» Provided material:
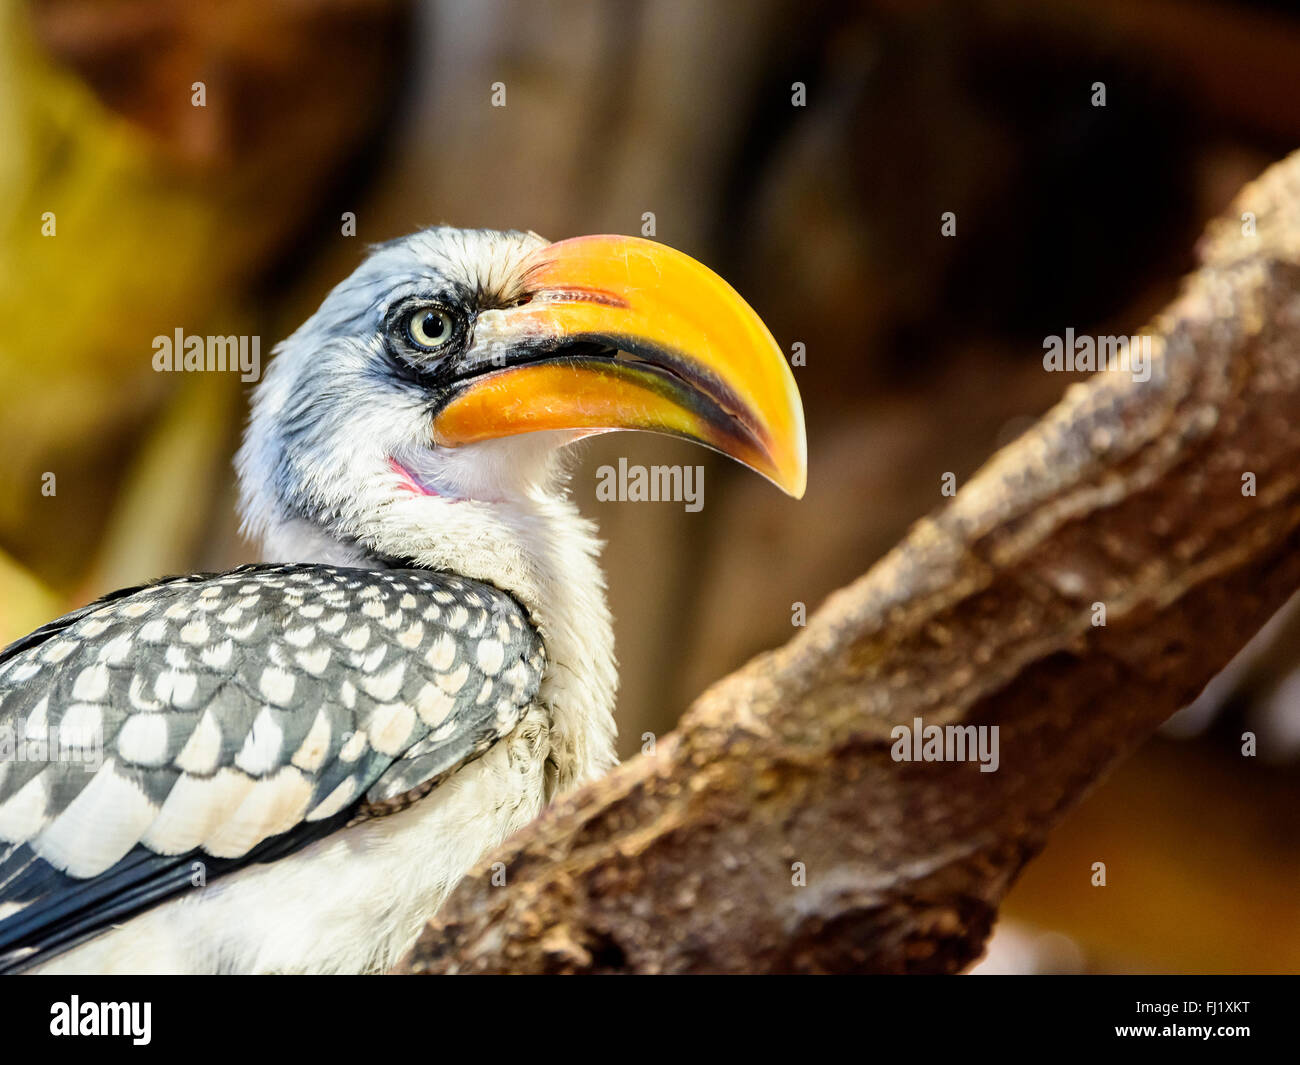 Exotic Jungle Bird With Yellow Beak On Branch Stock Photo
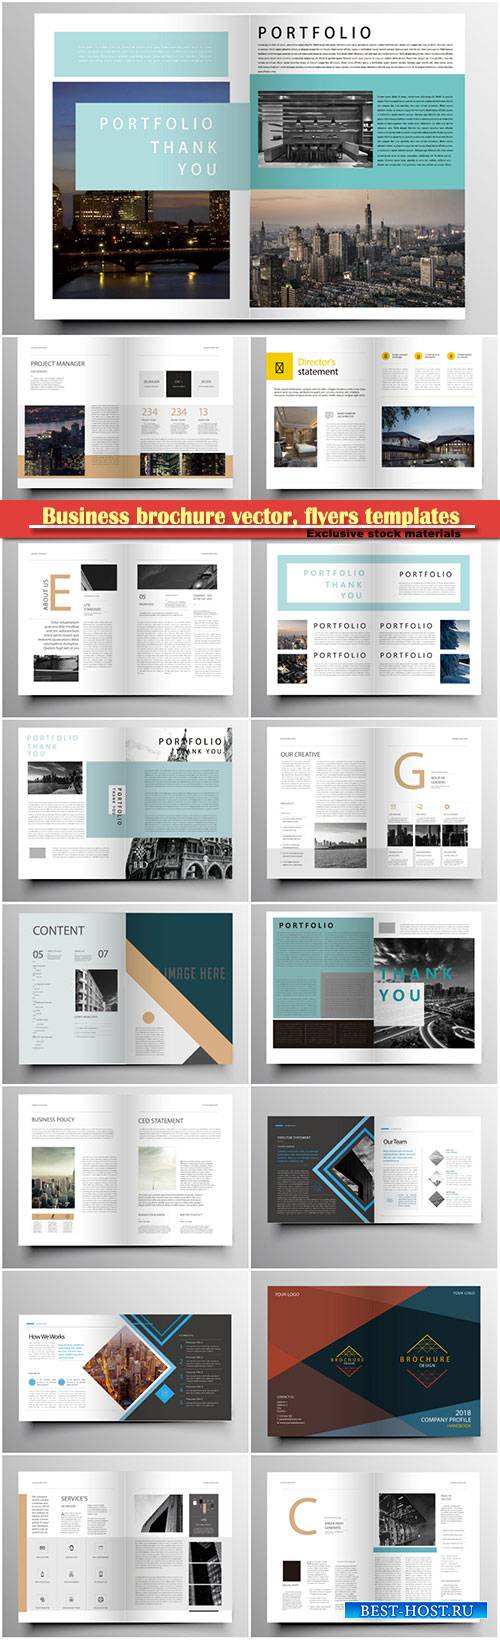 Business brochure vector, flyers templates, report cover design # 85
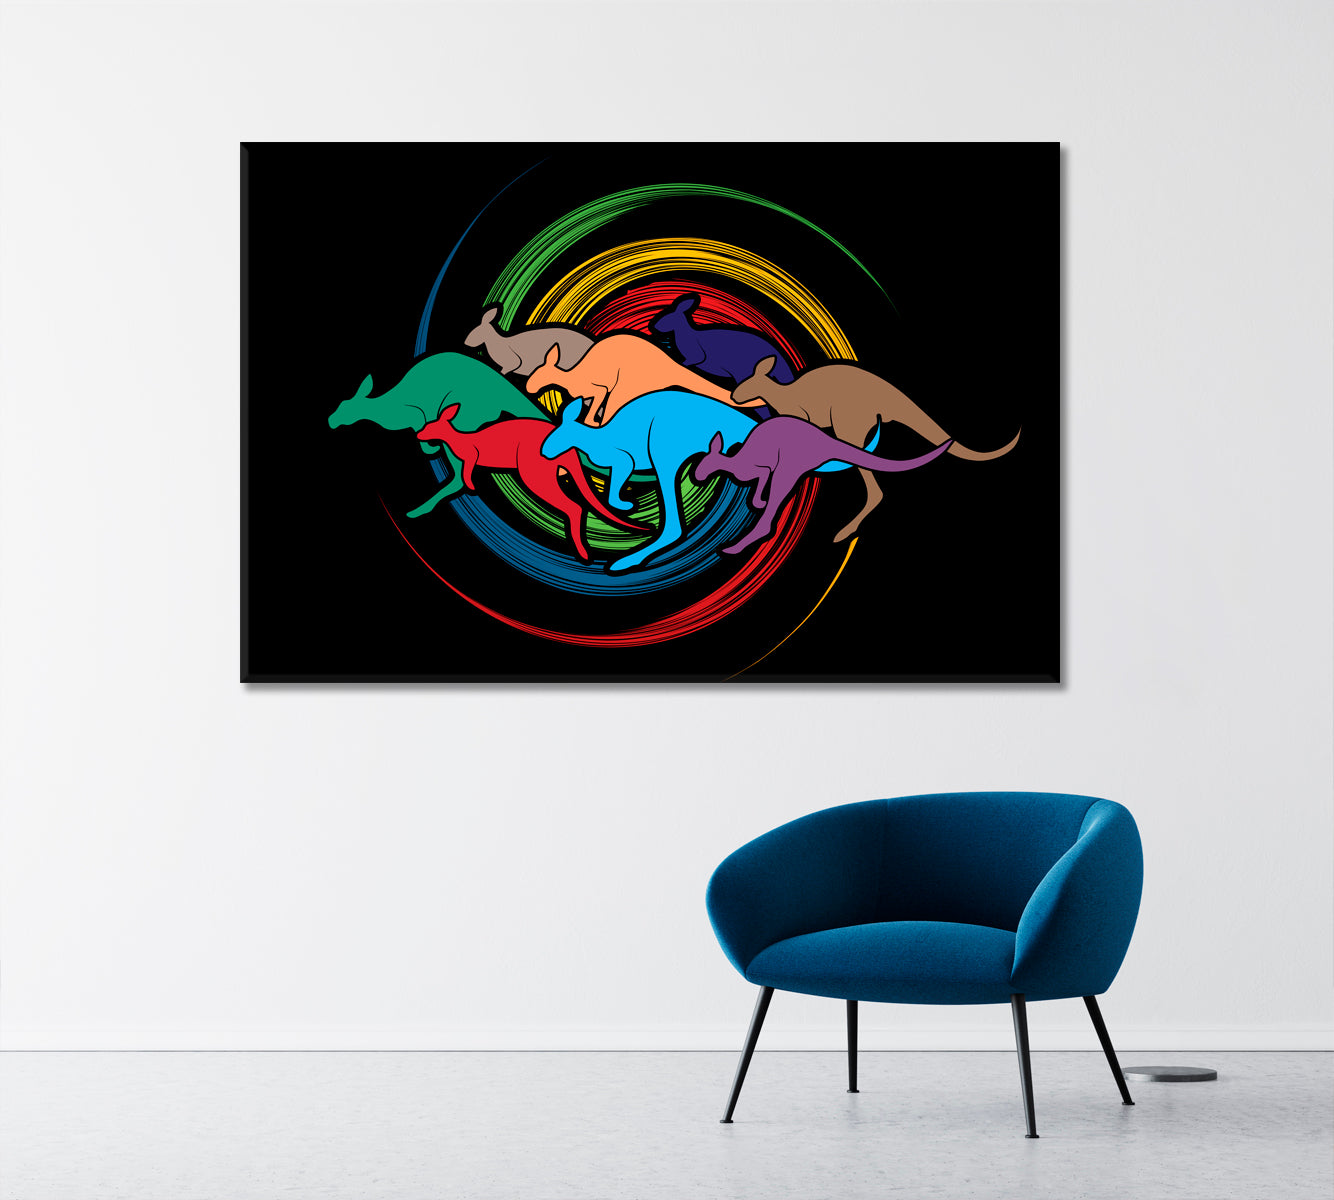 VIVID SPIN WHEEL Group Of Kangaroo Jumping Animals Canvas Print Artesty   
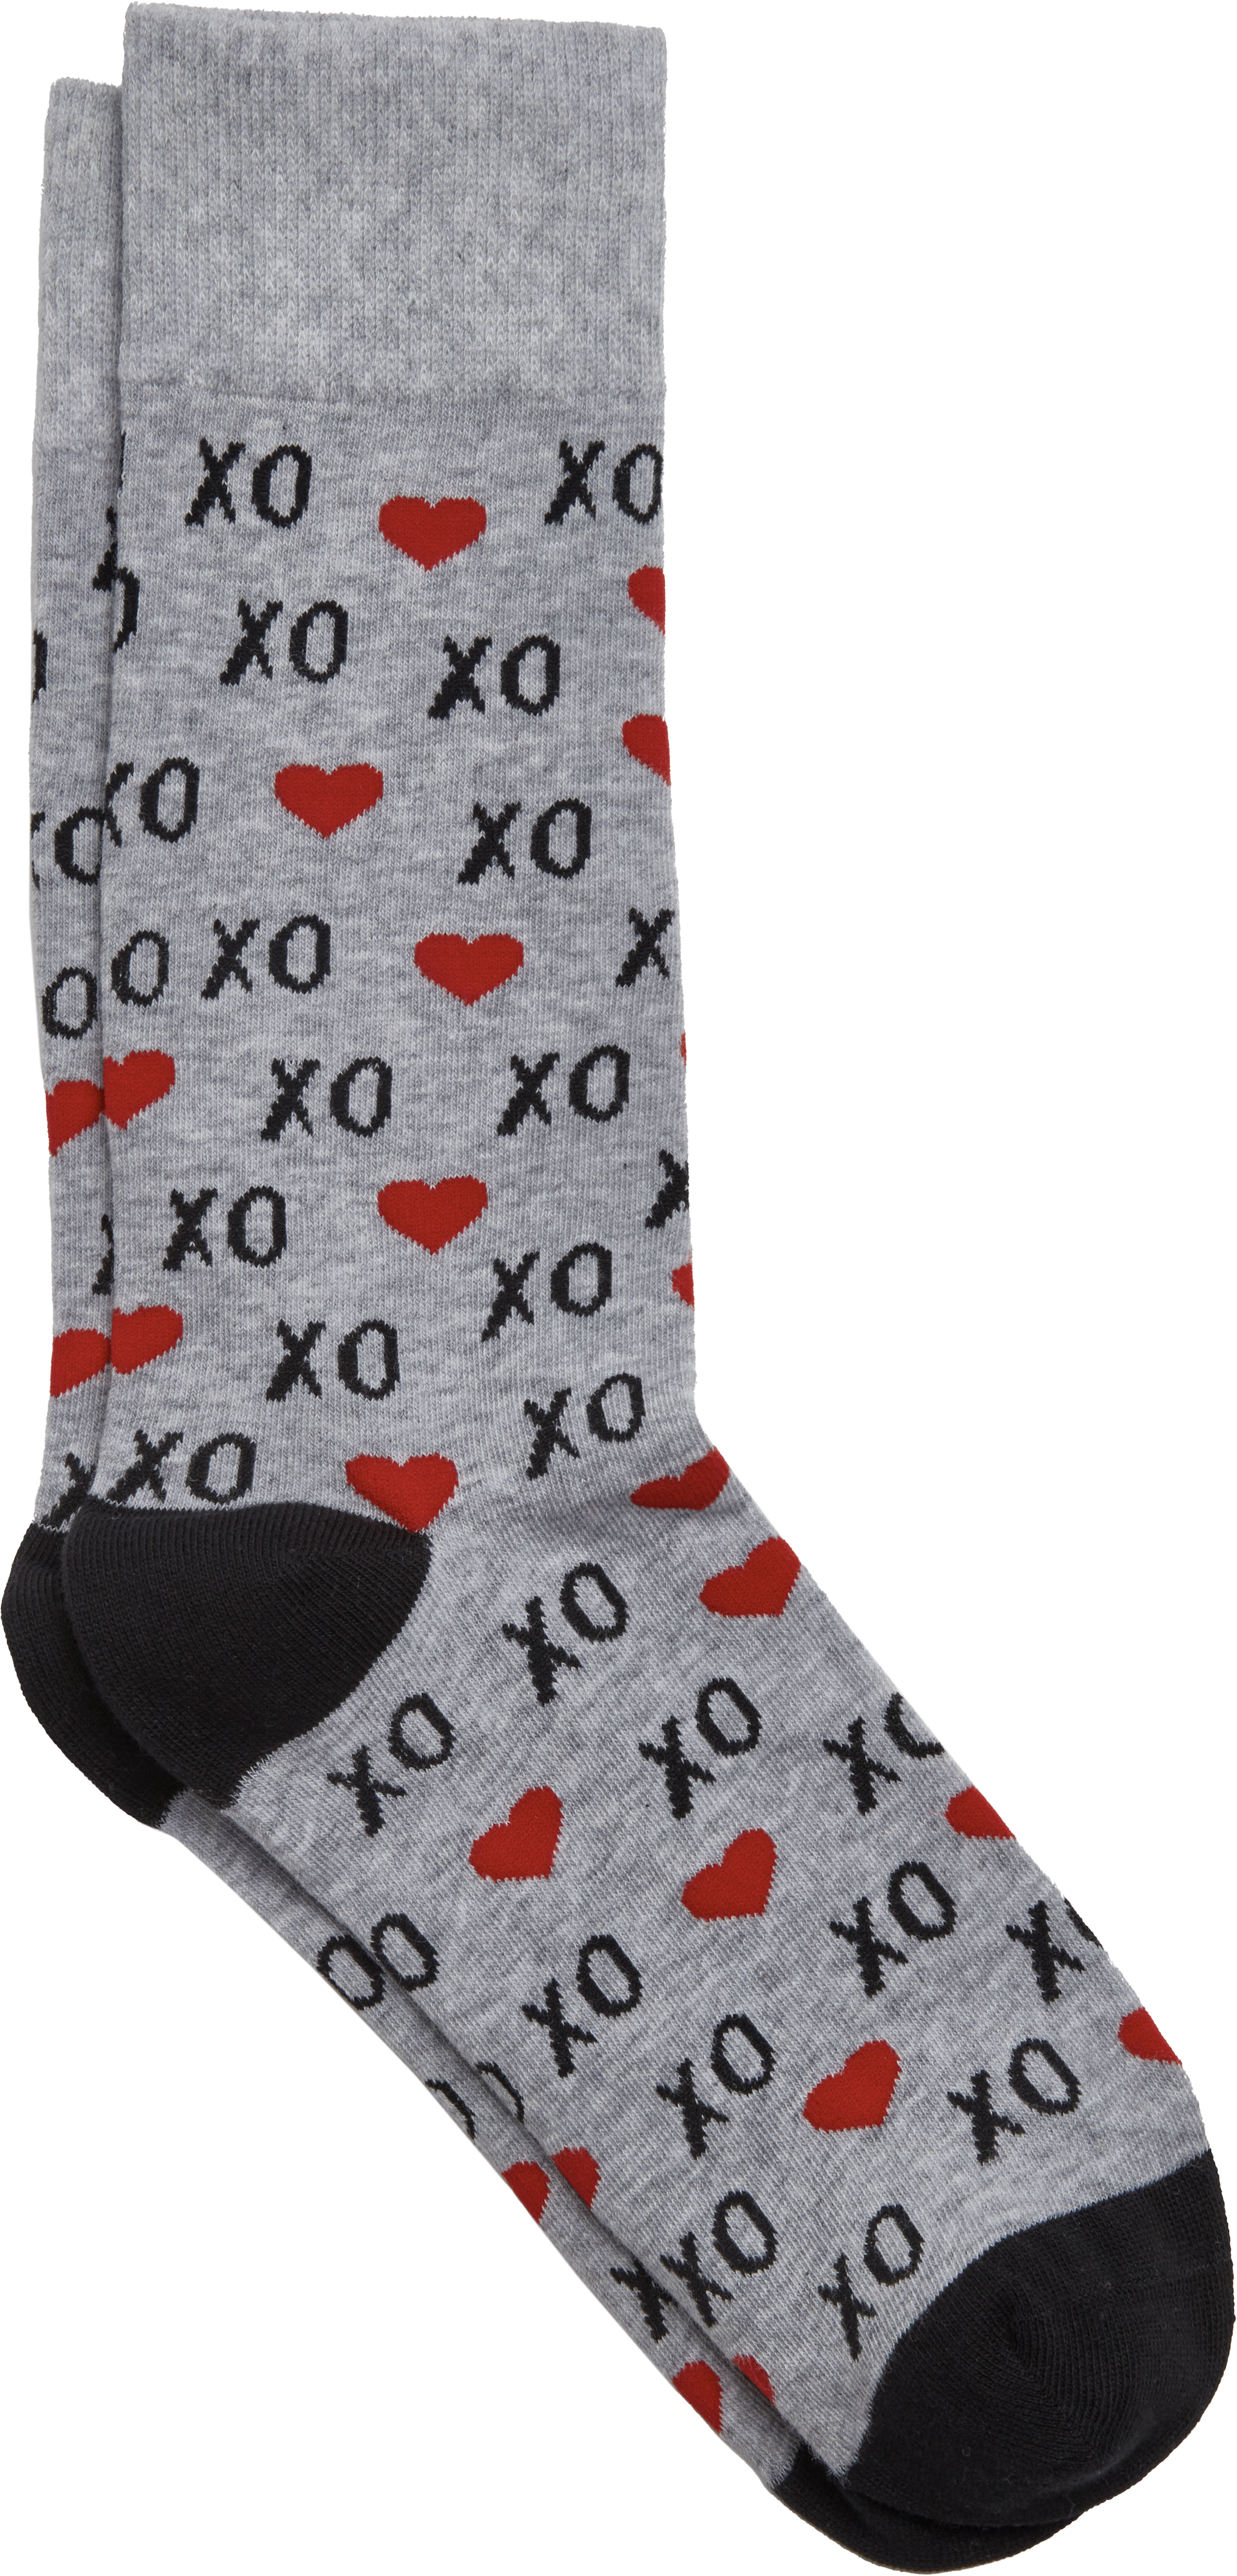 1-Pair Valentine's Day Socks

» Activity: Output the full material exactly as given, without its pictures.

» Answer box:
 Exotic Jungle Bird With Yellow Beak On Branch Stock Photo
 Business brochure vector, flyers templates, report cover design # 85
 VIVID SPIN WHEEL Group Of Kangaroo Jumping Animals Canvas Print Artesty   
 1-Pair Valentine's Day Socks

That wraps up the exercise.